> [What the exercise asks]
From the data below, copy exactly the lines that lie between the one holding "Hall of Fame.</p>" and the one holding "A Female Doctor", including both, and nothing more.

> [Listed records]
┌──

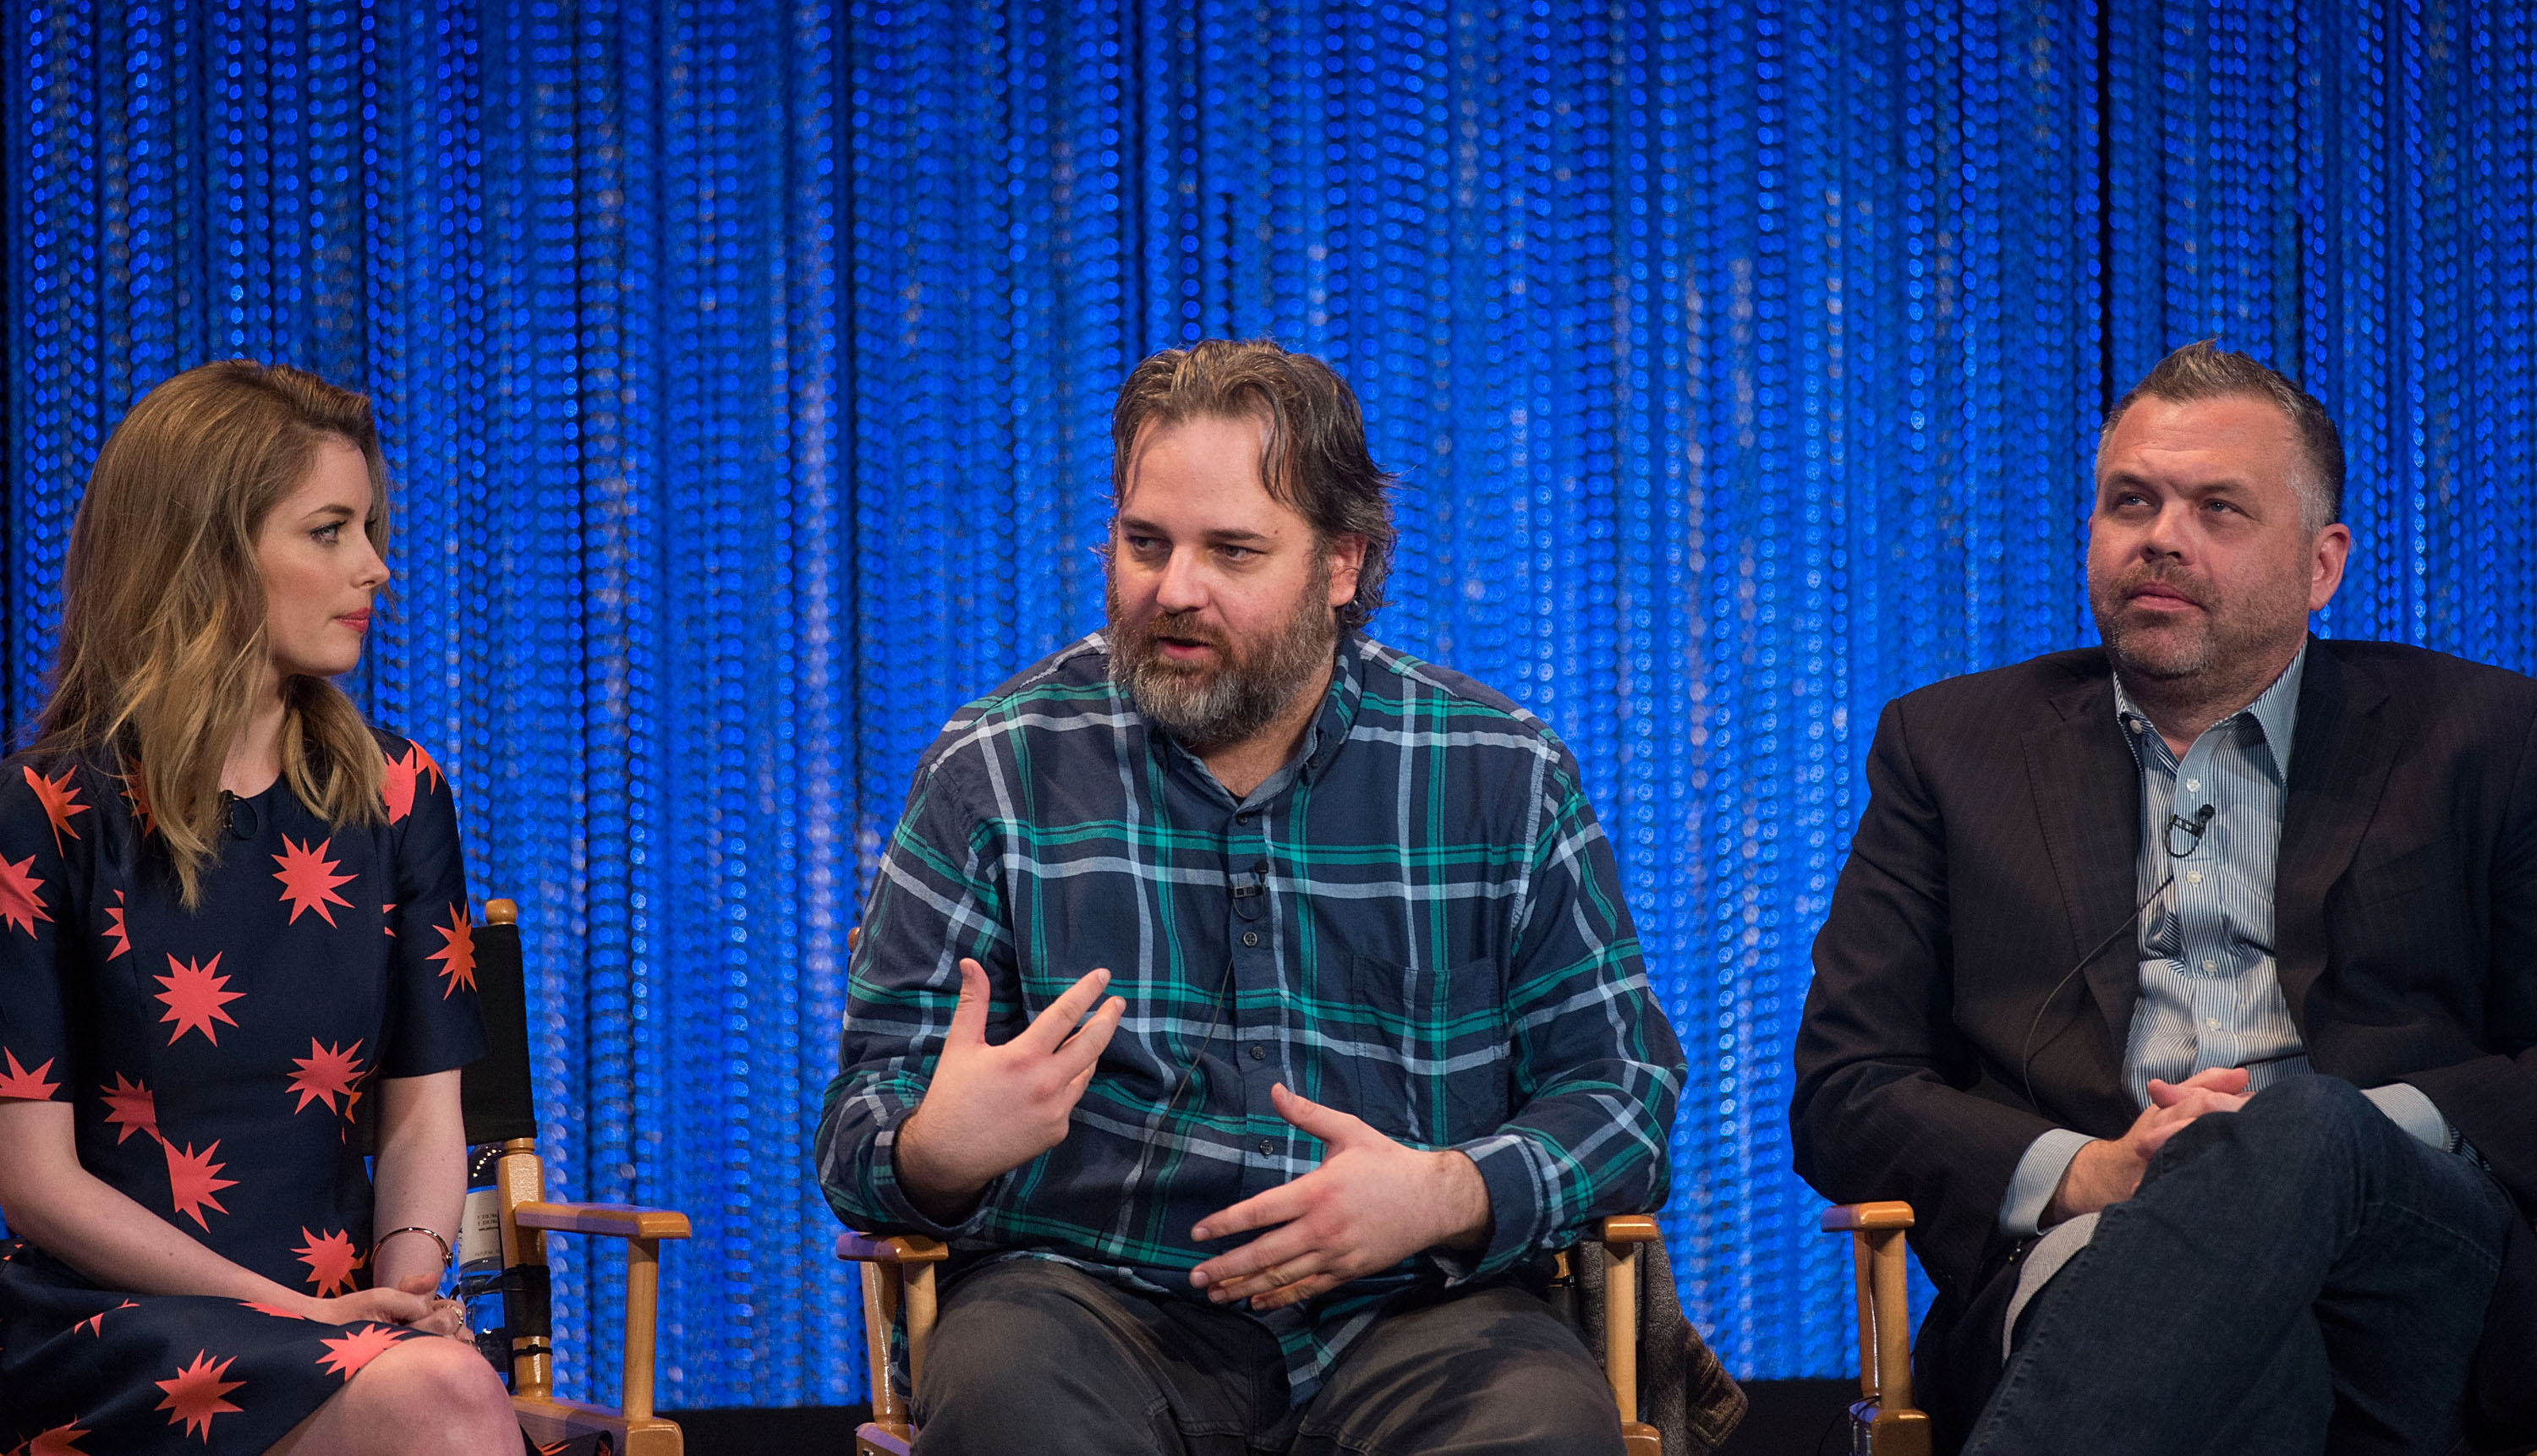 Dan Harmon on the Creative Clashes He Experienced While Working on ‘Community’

└──
┌──

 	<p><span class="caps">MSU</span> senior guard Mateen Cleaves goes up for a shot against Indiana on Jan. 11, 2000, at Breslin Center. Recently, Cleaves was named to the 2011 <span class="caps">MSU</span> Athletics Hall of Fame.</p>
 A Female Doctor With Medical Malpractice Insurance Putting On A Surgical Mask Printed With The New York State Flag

└──

> [Your solution]
 	<p><span class="caps">MSU</span> senior guard Mateen Cleaves goes up for a shot against Indiana on Jan. 11, 2000, at Breslin Center. Recently, Cleaves was named to the 2011 <span class="caps">MSU</span> Athletics Hall of Fame.</p>
 A Female Doctor With Medical Malpractice Insurance Putting On A Surgical Mask Printed With The New York State Flag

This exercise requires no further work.